顾惊寒回头看见她,愣了一下,随即眼底涌上一丝慌乱,怕她看见自己的狼狈,又怕她身陷险境,立刻喊:“这里有我!你去守城头!别下来!”

“少废话!”沈辞一枪挑飞冲过来的两个蛮族士兵,站在他身侧,和他背靠背堵住缺口,“寨门破了,整个隘口都完了!一起守!”

顾惊寒的后背贴着她的后背,能感受到她铠甲的冰凉,也能感受到她沉稳的呼吸。厮杀声就在耳边,刀光剑影就在眼前,可这一刻,他心里竟奇异地安定下来。他活了快二十年,在南疆守了五年,从来都是一个人扛着所有,哪怕旧伤疼得彻夜难眠,也从没在人前露过半分怯;可此刻,身边站着沈辞,他竟觉得,哪怕天塌下来,也有人和他一起扛着。

长枪与破军枪交错,一左一右,配合得天衣无缝。顾惊寒的长枪大开大合,是南疆战场练出来的悍勇,死死挡住正面冲过来的敌人;沈辞的破军枪凌厉精准,招招致命,清掉漏过来的蛮族士兵。寨门的缺口处,蛮族士兵的尸体堆成了小山,竟硬是没再往前冲进一步。

厮杀从清晨一直持续到正午,蛮族发起了三波猛攻,都被打了回去。日头升到头顶的时候,蛮族终于暂时撤了兵,退到山道外休整,隘口前的空地上,尸体横七竖八,血把泥地都泡透了,踩上去黏糊糊的。

寨门的缺口被士兵们用石头和原木堵上了,城头的士兵们瘫坐在地上,手里还握着兵器,浑身是血,连抬手擦汗的力气都没了。顾惊寒靠在箭楼的柱子上,终于撑不住,顺着柱子滑坐下去,左腿疼得浑身发抖,额头上的汗混着血往下淌,连握枪的力气都没了。

他刚坐下,就看见沈辞走了过来。她身上的铠甲也沾了不少血,肩甲被砍出了一道豁口,脸上沾了血点,头发也散了几缕,却依旧站得笔直,手里还握着那杆破军枪。

顾惊寒立刻想撑着柱子站起来,却被沈辞抬手按住了肩。她蹲下身,把手里拿着的一个瓷瓶递给他,是专治旧伤的金疮药,昨夜她让小卫送给他的那瓶。

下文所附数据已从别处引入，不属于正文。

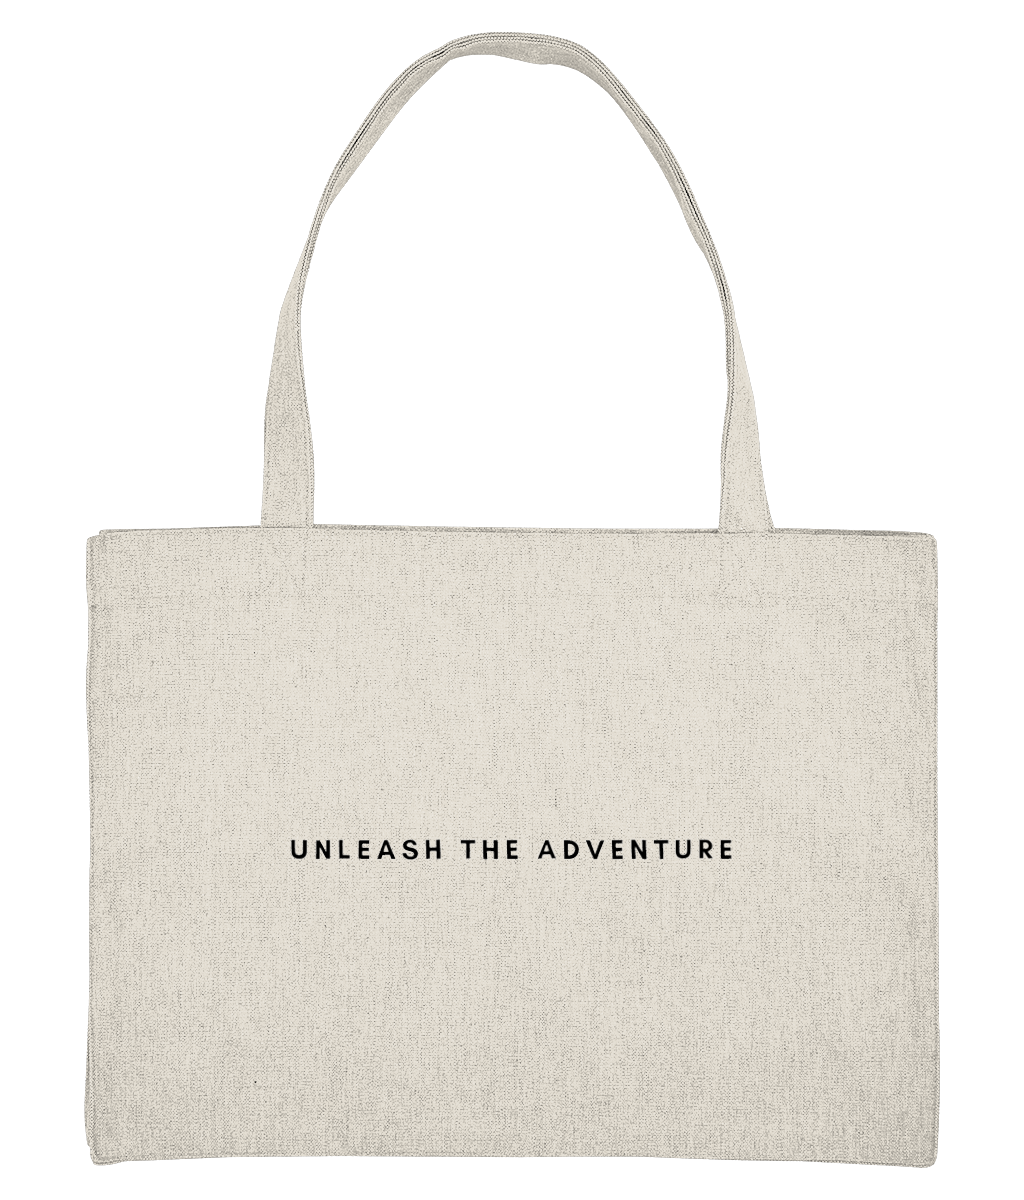 Unleash the adventure, bag

“说了让你别硬撑。”她的声音没什么起伏,却没了之前的疏离,带着点不易察觉的责备,“腿伤成这样,还堵在缺口里,不要命了?”

顾惊寒看着她,看着她眼底藏着的关心,心脏猛地跳了一下,像被什么东西撞了一下,又酸又软。他活了19年,第一次有这样的感觉,不是皇子的身份,不是守将的责任,只是一个男人,对着自己放在心上的姑娘,连话都说不利索了。

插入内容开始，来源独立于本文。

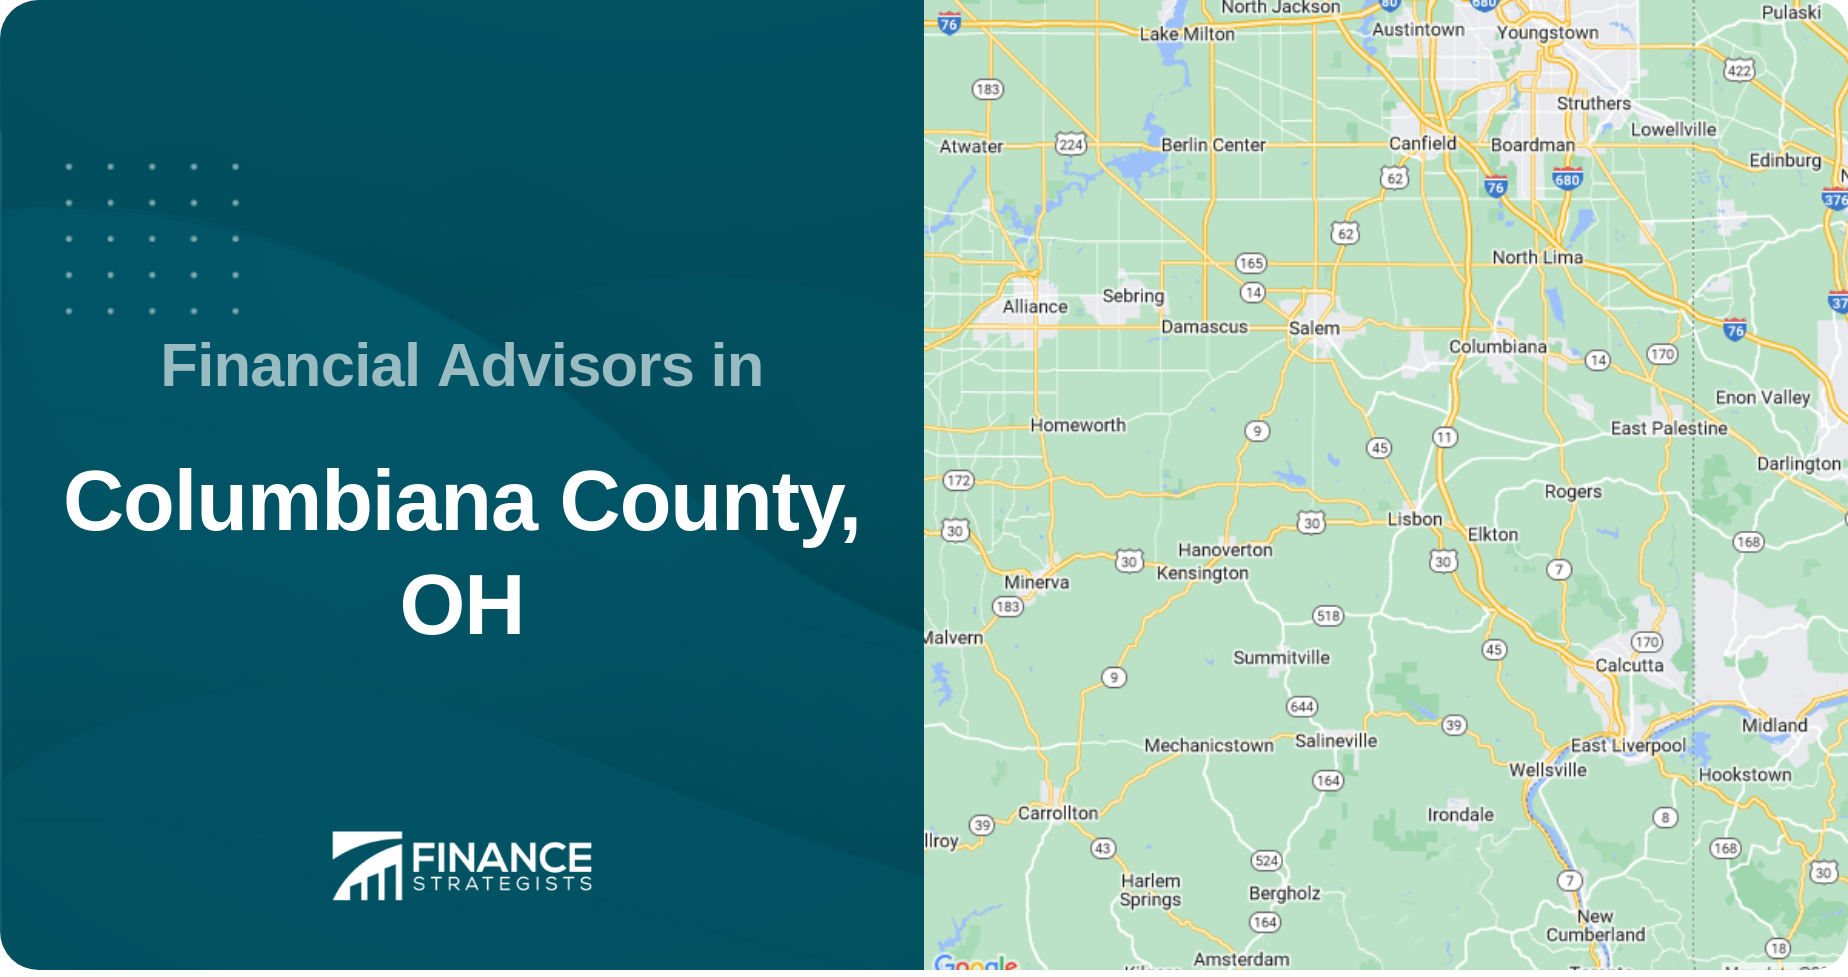 Financial Advisors in Columbiana County, OH

他接过药瓶,指尖不小心碰到了她的指尖,两人都顿了一下,又很快收回手。他低着头,攥着药瓶,声音有点哑:“谢了。寨门是我守的,不能破。再说,有你在,我死不了。”

这话一出口,他就后悔了,怕自己说得太露骨,惹她不快。可沈辞没接话,只是站起身,望向远处蛮族的营地方向,声音沉静:“他们不会善罢甘休,下午还有一场硬仗。你歇会儿,把药上了,寨门还得靠你。”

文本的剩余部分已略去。